During mouse embryogenesis between E12 and E13 notochordal cells in the region of the future disc transform and form the later NP and AF. The appearance of the previously described abnormalities in caudal IVDs of Skt/Etl4 deletion mutants may arise from defects in the formation or differentiation of the notochord. To analyse if the Skt/Etl4 deletion leads to obvious notochord defects early during development we hybridized stage E9.5 embryos with probes for the notochordal markers Sonic hedgehog [Shh 3] and Brachyury [T 24]. We observed no differences in the expression pattern of Shh in wt (n = 7) and in homozygous Skt/Etl4 (n = 5) deletion mutant embryos (Fig. 6a, b). Likewise expression of T at embryonic stage E9.5 was indistinguishable between wt (n = 7) and Skt/Etl4 (n = 6) mutants with the exception of an ectopic expression domain at the forelimb level in one out of six analysed mutants (red arrowhead Fig. 6d) indicating that the loss of Skt/Etl4 expression does not have a major impact on early notochord development.
Fig. 6

Notochord marker expression in Skt/Etl4 deletion embryos. Whole mount in situ hybridization of E9.5 wt and Skt/Etl4 mutant embryos with the notochord marker sonic hedgehog (Shh, a, b) and Brachyury (T, c, d). Red arrowhead point to a T expression abnormality seen in one out of six embryos that were analysed

Histological analysis of adult Skt/Etl4 mutants

As described earlier Skt/Etl4 is a gene expressed in multiple tissues during embryogenesis. Therefore, we analysed various tissues of juvenile Skt/Etl4 deletion mutants for histologically detectable abnormalities. In HE stained longitudinal kidney sections we found no obvious differences in the overall appearance (Fig. 7b) or structure of the cortex (Fig. 7 c, d), the medulla (Fig. 7 e, f) and papilla (Fig. 7 g, h), or the number of glomeruli (data not shown) between wild type (n = 2) and mutants (n = 2). Other organs that exhibited a thus far not described expression of Skt/Etl4 were epithelia of the lung and the cochlea. We analysed lung tissue of 2 week old wt (n = 3) and homozygous SktΔEx1-20 (n = 2) mice with HE staining and could not detect any obvious difference in the tissue structure between both phenotypes (compare Fig. 7i, k, m with j, l, n).

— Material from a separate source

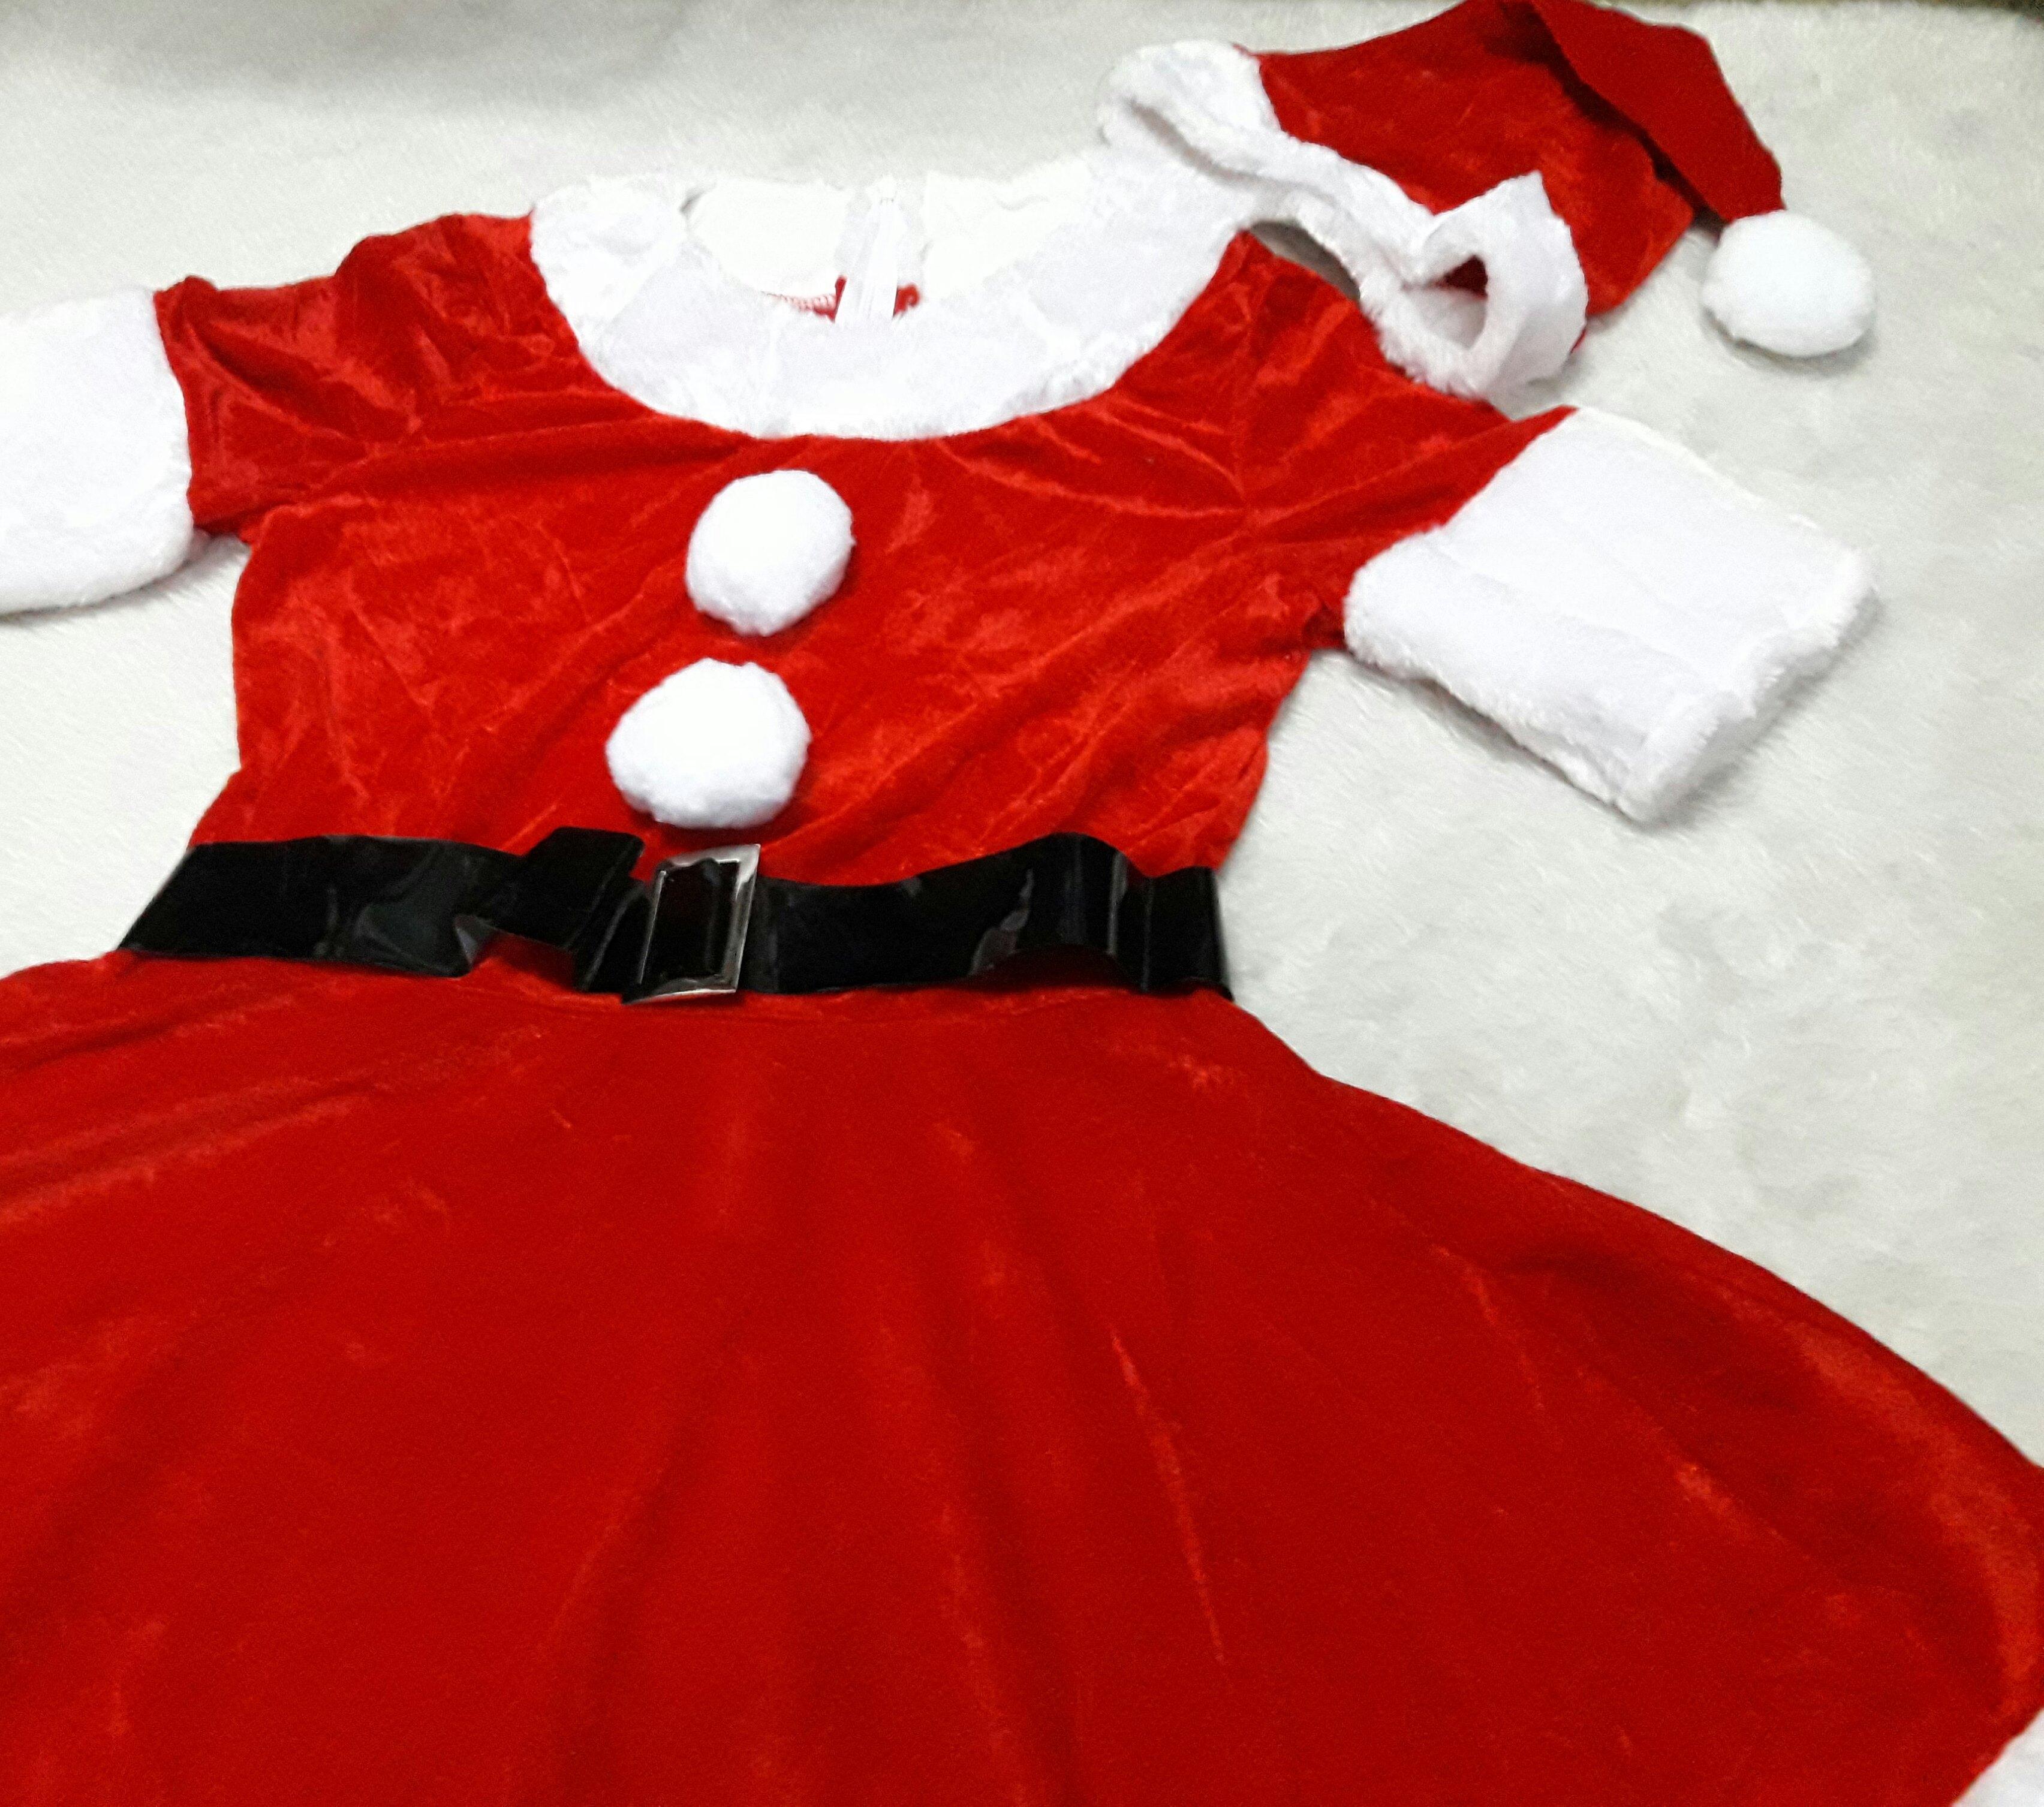 ชุดซานต้าผู้หญิง + หมวกซานต้า + เครื่่องประดับตกแต่ง วันคริสต์มาส

Likewise cochleae from the same stage did not exhibit any obvious variations between wt (n = 2) and homozygous SktΔEx1-20 mice (n = 2; compare Fig. 7o, q, s with p, r, t).
Fig. 7

Histological analysis of kidneys, lungs and inner ears of SktΔEx1-20 mice. HE staining of organs isolated from 2 week old wt and SktΔEx1-20 mice. a-b overviews of longitudinal sections through the kidney and magnifications of the cortex (c), medulla (m) and papilla (p) regions c-h indicated by lines in a. Arrowheads in c and d point to the cortex-specific Glomerular capsules. i-j Sections through lung tissue. Rectangles in i and j indicate the regions shown at higher magnification in k-n. Al: Alveolus, Bi: Bronchiole, PV: pulmonary vessel, Ac: Acini, AlSa: alveolar sac, AlDu: alveolar duct. o-r Midmodiolar cochlea sections. Rectangles in q and r indicate the regions shown at higher magnification in s and t. st: scala tympani, sv: scala vestibuli, sm: scala media, otc: otic capsule, ls: spiral limbus; rm: Reissner‘s membrane, stv: stria vascularis, sl: spiral ligament, co: organ of corti, sg: spiral ganglion, ohc: outer hair cells

Discussion

The Skt/Etl4 gene was independently identified by two insertions of lacZ reporter constructs (Etl4lacZ and SktGt) into different introns of the locus [19, 20]. Both alleles represent recessive mutations causing mild defects that were restricted to the caudal axial skeleton although Skt/Etl4 is expressed in the notochord along its entire length as well as in numerous other tissues, raising the question whether Etl4lacZ and SktGt represent hypomorphic Skt/Etl4 alleles. To conclusively address the significance of Skt/Etl4 for development we analysed the gene structure and transcripts, consecutively deleted most of the coding region and characterised this null allele.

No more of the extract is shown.